- Bokaya Location in Central African Republic
- Coordinates: 6°52′51″N 15°33′15″E﻿ / ﻿6.88083°N 15.55417°E
- Country: Central African Republic
- Prefecture: Ouham-Pendé
- Sub-prefecture: Bocaranga
- Commune: Bocaranga

= Bokaya =

Bokaya, also spelled Boukaya, is a village situated in Ouham-Pendé Prefecture, Central African Republic.

== History ==
An unnamed militia launched an unsuccessful attack in Bokaya on 26 October 2016. Nevertheless, 230 villagers fled to Bouar and others went to the bush for preventive action.
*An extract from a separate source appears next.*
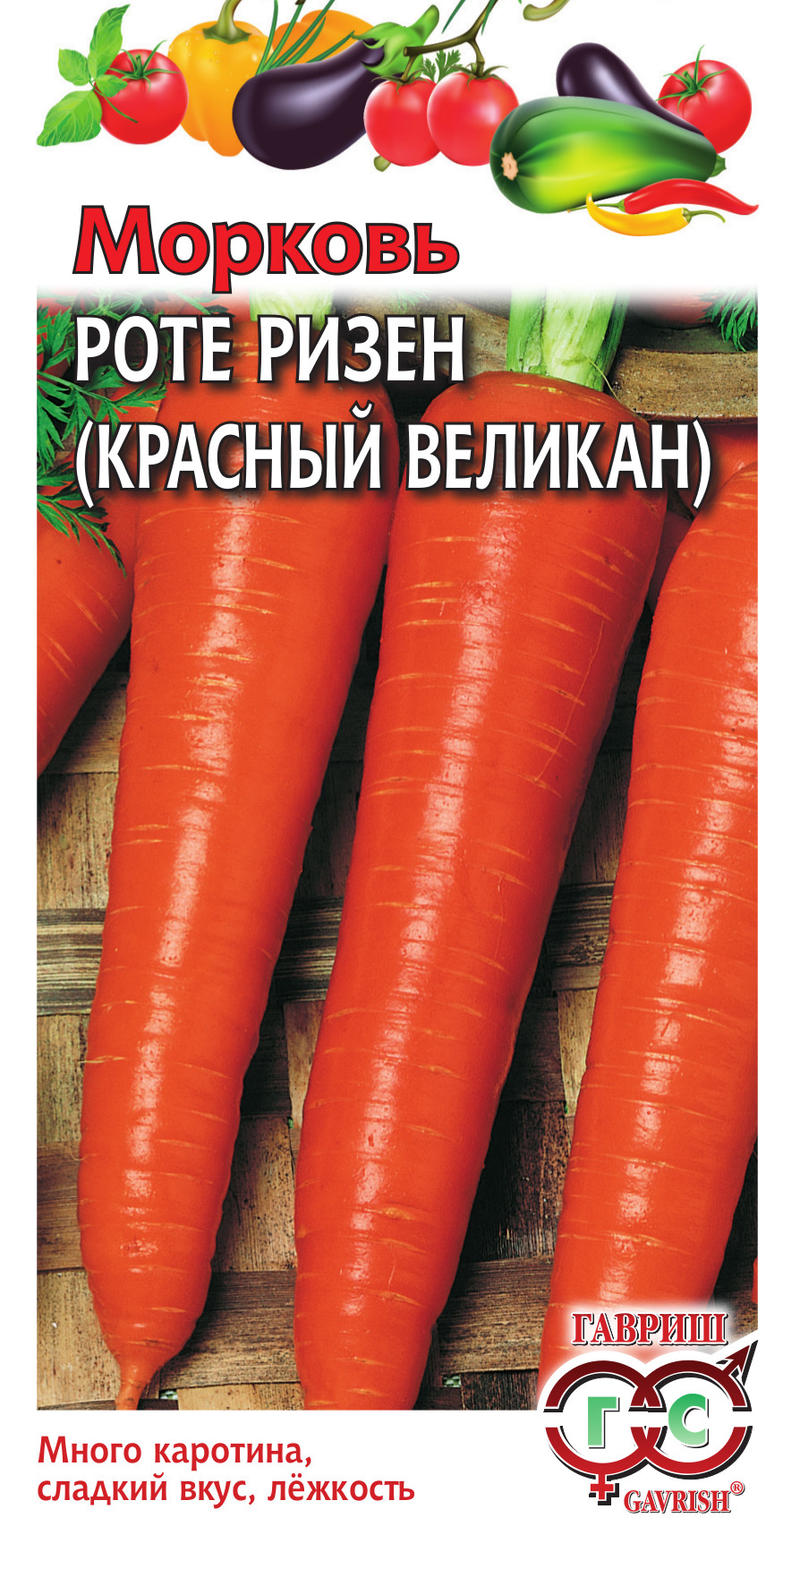 Морковь Красный Великан (Роте Ризен) позднеспелая 2гр Гавриш/БП

An armed group attacked MINUSCA patrol convoys in Bokaya on 3 January or 5 January 2017, killing one Bangladesh soldier named Abdur Rahim.

3R rebels occupied the Bokaya until they withdrew on 24 May 2019 following MINUSCA demand. However, they returned to the village on 18 June. Between 7 and 8 September 2020, there was a clash between 3R rebels and FACA in Bokaya.

== Education ==
There is a school in Bokaya.

== Healthcare ==
Bokaya has one health center that caters to surrounding villages, such as Koutende, Moundi, Kpokeya, Nambori.